Scott and Silvermann both proposed rule of thumb for the kernel bandwidth. These are approximate estimates that are a global parameter.

Adaptive methods

These methods calculate a local density parameter that is approximately \(/propto f( x ) ^ {-1/2}\), where \(f(x)\) is an initial estimate of the density. This can be calculated for example by using a rule of thumb to obtain an initial estimate.
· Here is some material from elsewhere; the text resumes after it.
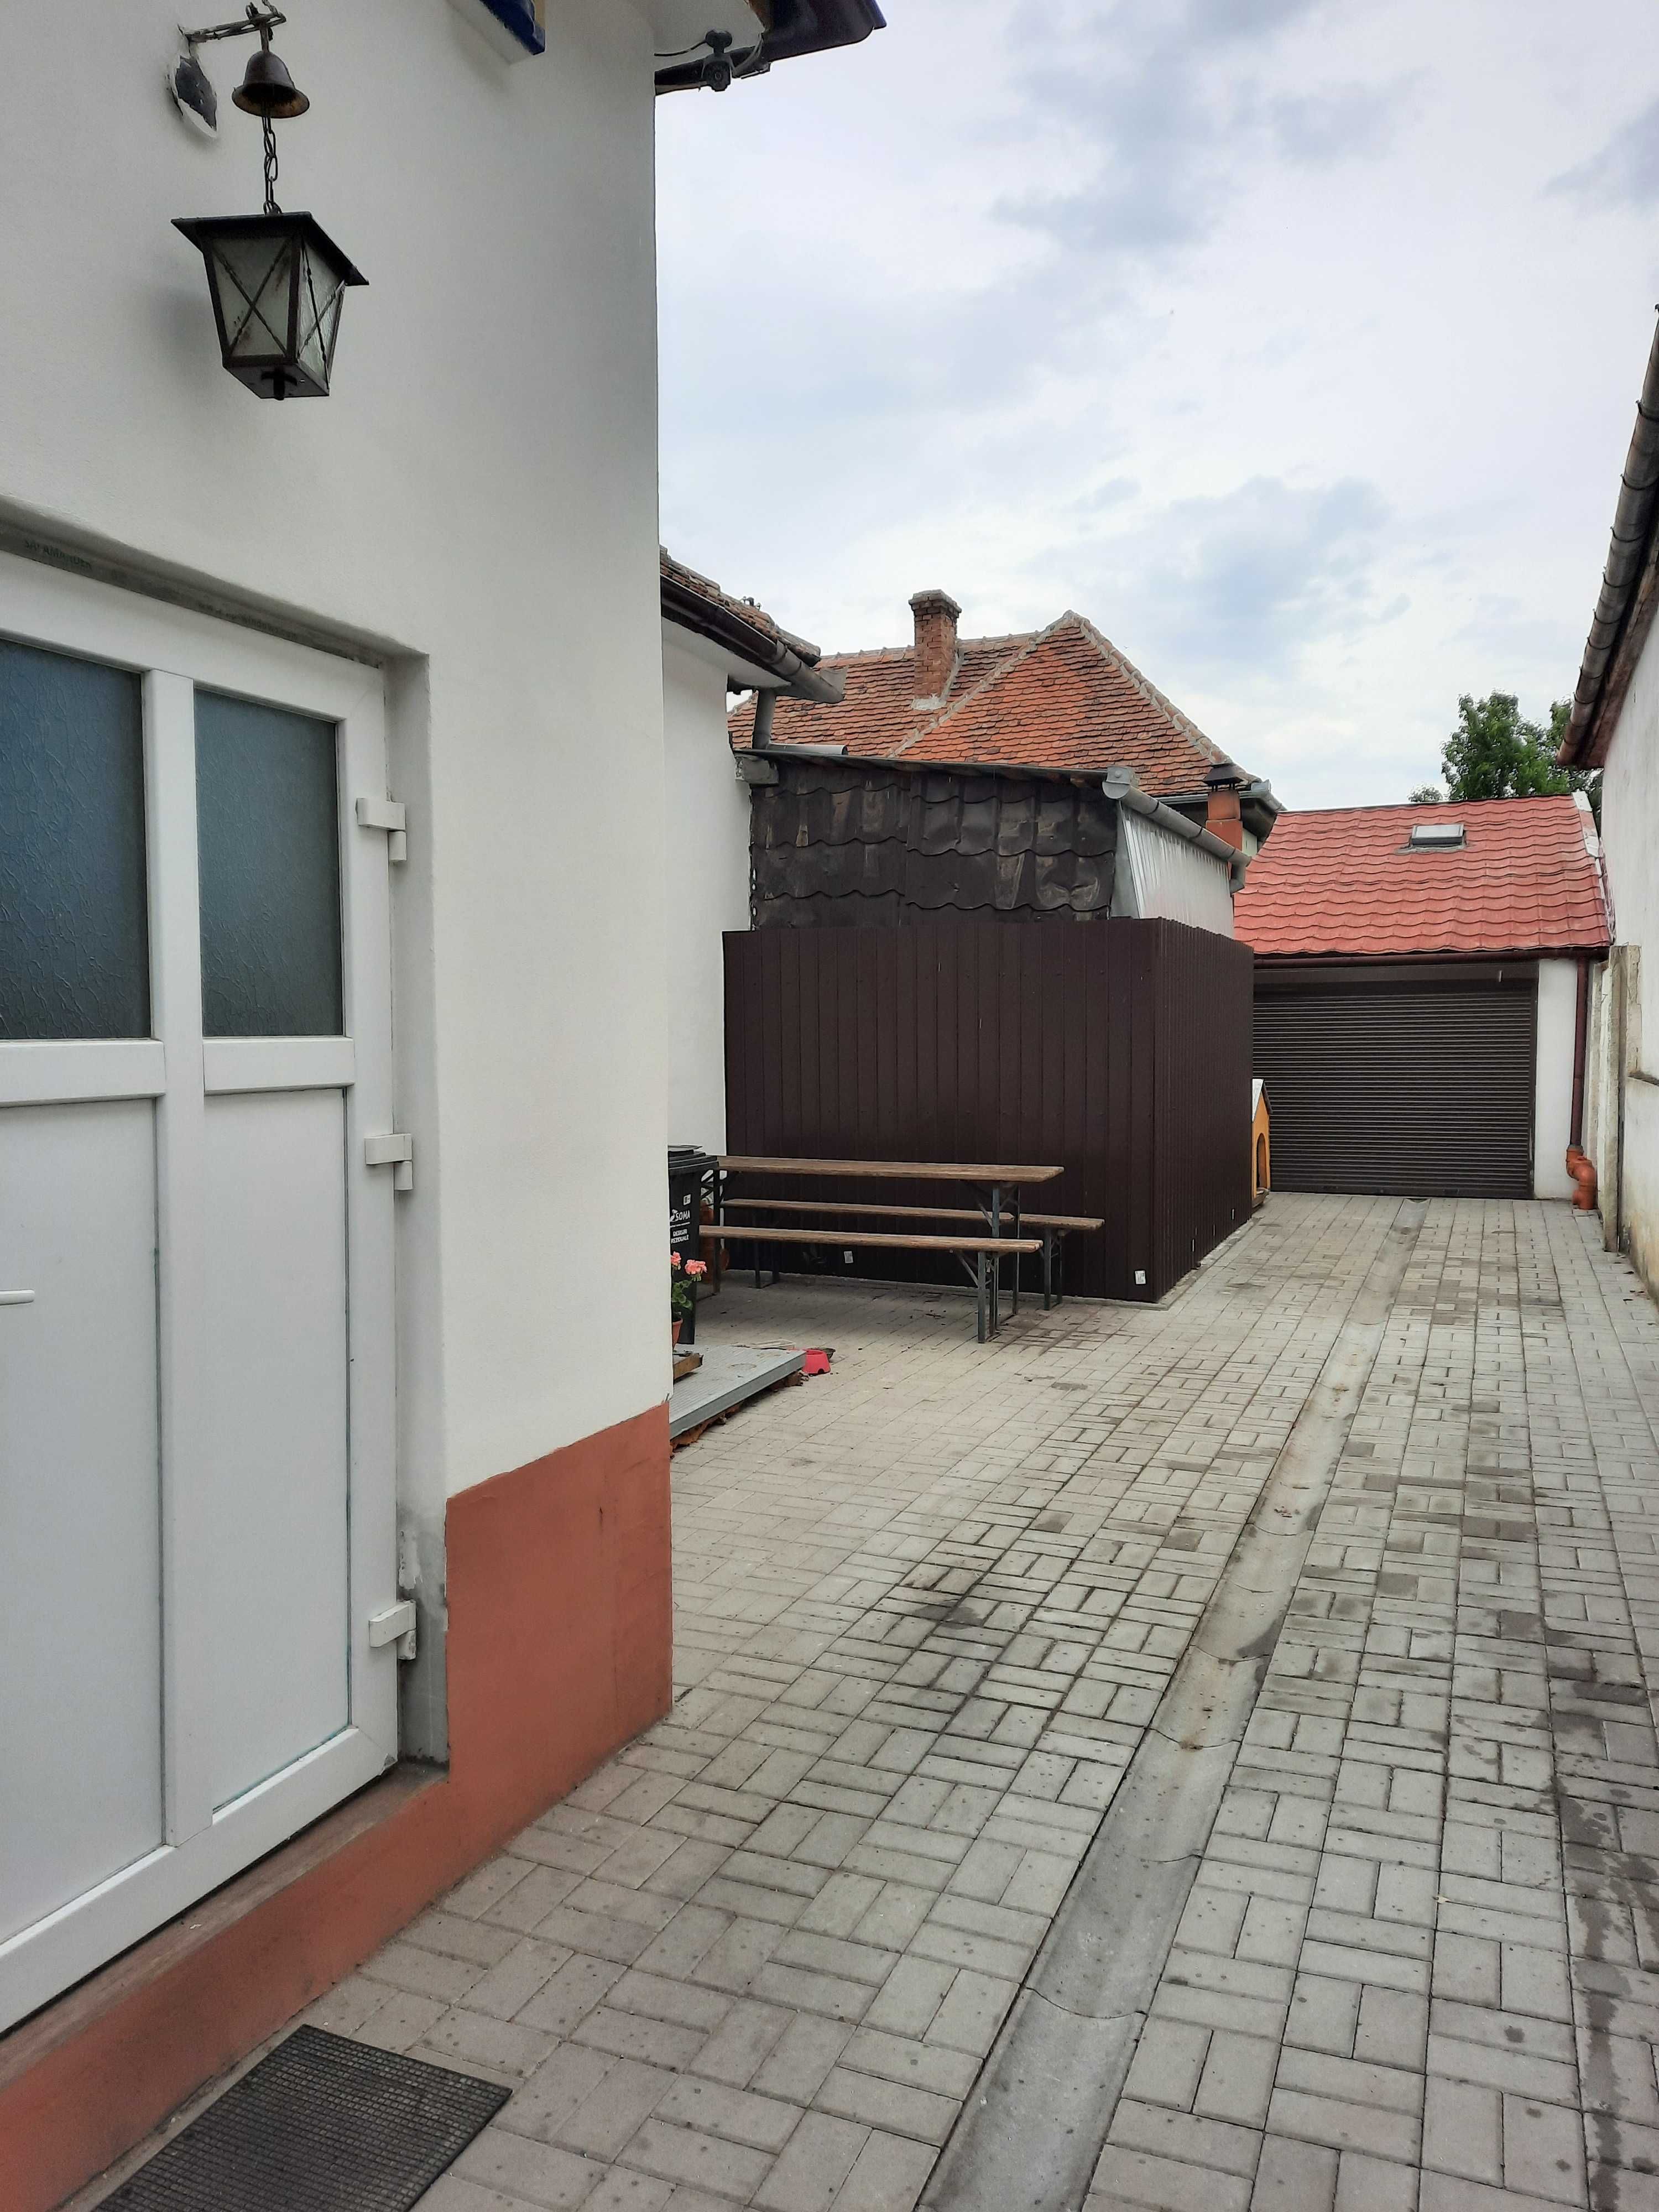 Vand casa tip duplex singur in curte Sibiu, zona Piata Cluj-Terezian.

The main disadvantage is a higher computational complexity; the initial overhead as well as for the evaluation of the PDF. Most notably the memory consumption can be significantly higher.


Summary By rewriting the KDE as a discrete convolution and using the FFT, the density can be approximated interpolating between the discetized values.

Another technique to speed up the computation is rewriting the kernel density estimation as convolution operation between the kernel function and the grid counts (bin counts) calculated by the binning routine given above.

By using the fact that a convolution is just a multiplication in Fourier space and only evaluating the KDE at grid points one can reduce the computational complexity down to \(\mathcal{O}(\log{N} \cdot N)\)

Using Eq. (2) from above only evaluated at grid points gives us

(5)#\[\widehat{f}_h(g_j) = \frac{1}{nh} \sum_{l=1}^N c_l \cdot K\Big(\frac{g_j-g_l}{h}\Big) = \frac{1}{nh} \sum_{l=1}^N k_{j-l} \cdot c_l\]

where \(k_{j-l} = K(\frac{g_j-g_l}{h})\).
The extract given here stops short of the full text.